Friday, December 25, 2009

Camera Lost

No New Posts until mid-to-late February. BOOOOOOO.

:(

Monday, November 30, 2009

Dejected Bread Given Garlic Cure

How large is YOUR ass after Thanksgiving? This year was somewhat manageable for me, since I didn't host. A big shout out to Jim and Cristin for having me and The Republican over with Miss Thang and Mr. Ink.

I absolutely love boulé and sourdough bread, the big crusty loaves you can get from Whole Paycheck or Iggy's or where have you. Because I can never eat them by myself before they get crustified and dry, I usually save them for Houseguests. This weekend such a loaf found its way to my abode for the making of Leftover Turkey Sammiches (toasted sourdough, smashed fresh avocado, homemade honey mustard, Ink's leftover turkey, and super sharp cheddar...drool).

Turkey's gone. Bread is in sad shape. I've got a pot of veggie-white bean soup that I need to eat but damn it, its boring, even though I included radishes in it. Solution: Supah Dupah Garlic Croutons. I've never made croutons before and they're just coming out of the oven in batches now (of course I am plucking them out individually as they brown to perfection-- my pan was crowded and the bread not perfectly sized. Normally I HATE the nasty, dried out boogers that people inexplicably buy at the store and prefer to have good ones from real restaurants (Travato's in Omaha, NE, comes to mind--they used to cube and deep fat fry their leftover Italian bread. Awesome). The Tindallator's mother also fries them on the stovetop in BUTTER but as you know, baking is easier for me at the moment.

My method:
Cut bread into cubes, crush 4-6 cloves of garlic into about 1/4 cup of olive oil. Add a nice big fat pinch of salt, some Cubeb pepper, and crushed red pepper.

Transfer bread to large bowl, drizzle garlic-oil mixtures over bread, and stir with hands (this is not a first-date friendly recipe). Spread on pan, bake @ 400 - 425, and remove croutons with tongs as they finish.



I'm going to use these babies on the soup I have, then the rest on a salad this weekend.

Let's eat one...


I KNEW THERE WAS A REASON I DID THIS. HELL YEAH.

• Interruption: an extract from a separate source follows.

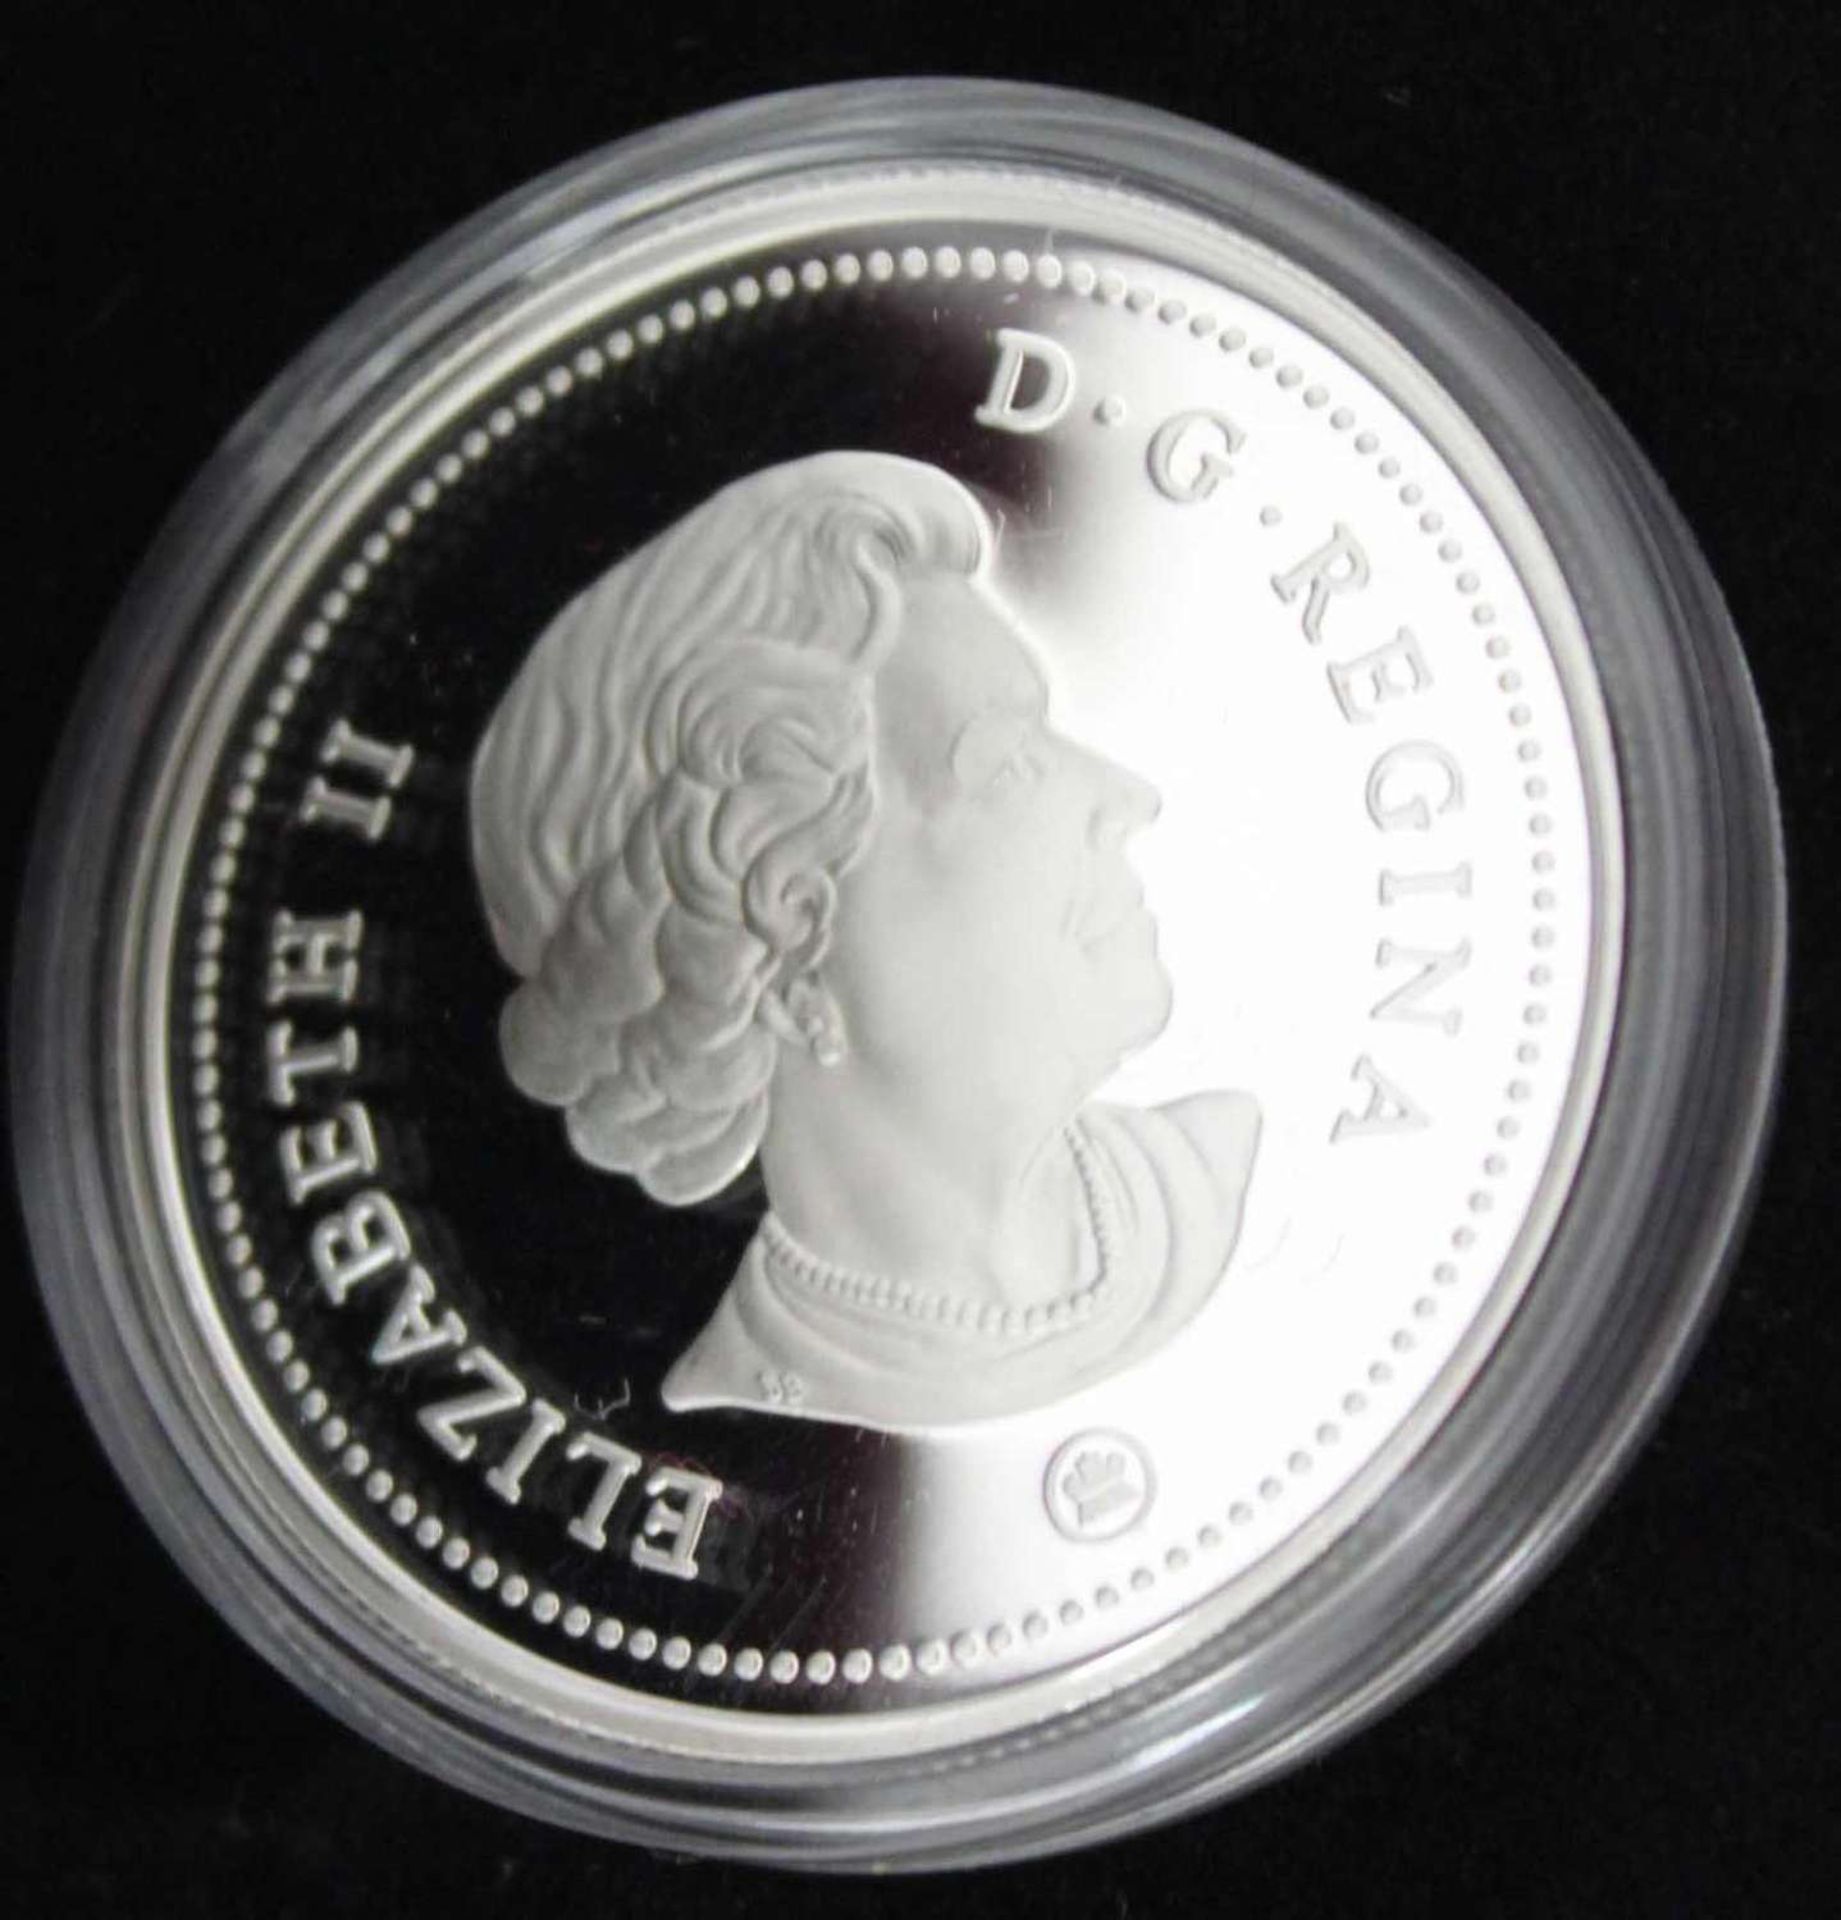 Canada Dollar von 2008 Quebec City Samuel de Champlain , Proof Silver Dollar im Etui Canada Dollar - Bild 3 aus 3

Except I am not allowed to make out with anyone for at least 24 hours.

Wednesday, November 18, 2009

We Are Experiencing Technical Difficulties

Or, in other words, an entry that actually addresses some limitations, and how I’ve had to work around them, and what I plan to do to further improve the functionality of the Hobbit Hole Kitchen. I haven’t done this much yet other that to bitch about the Taco Debacle.

Cooking: Outfitted with an Aroma two-burner electric hotplate and a Breville convection oven, I’ve managed to do pretty well—it IS just me, most of the time. The area most affected by my lack of a “real” stove is the hotplate sitch. A lot of my cooking has traditionally involved a lot of searing and sautéing at very high temps, as well as deglazing and boiling large amounts of liquid. The large burner on the Aroma, measuring about 7” in diameter, takes about 20 minutes to boil water for pasta (and you know me, I ain’t boiling 2 measly liters, I’m going to boil 6 to 8 liters with lots of sea salt). Keeping my large All-Clad chef’s pan as hot as it needs to —just doesn’t happen. This really isn’t a huge problem, since I’m no longer searing two 10 ounce rib eyes at a time. However, it’s pretty much impossible to start water boiling, and also start something else, such as a sauté, or anything that needs to be cooked at the same time.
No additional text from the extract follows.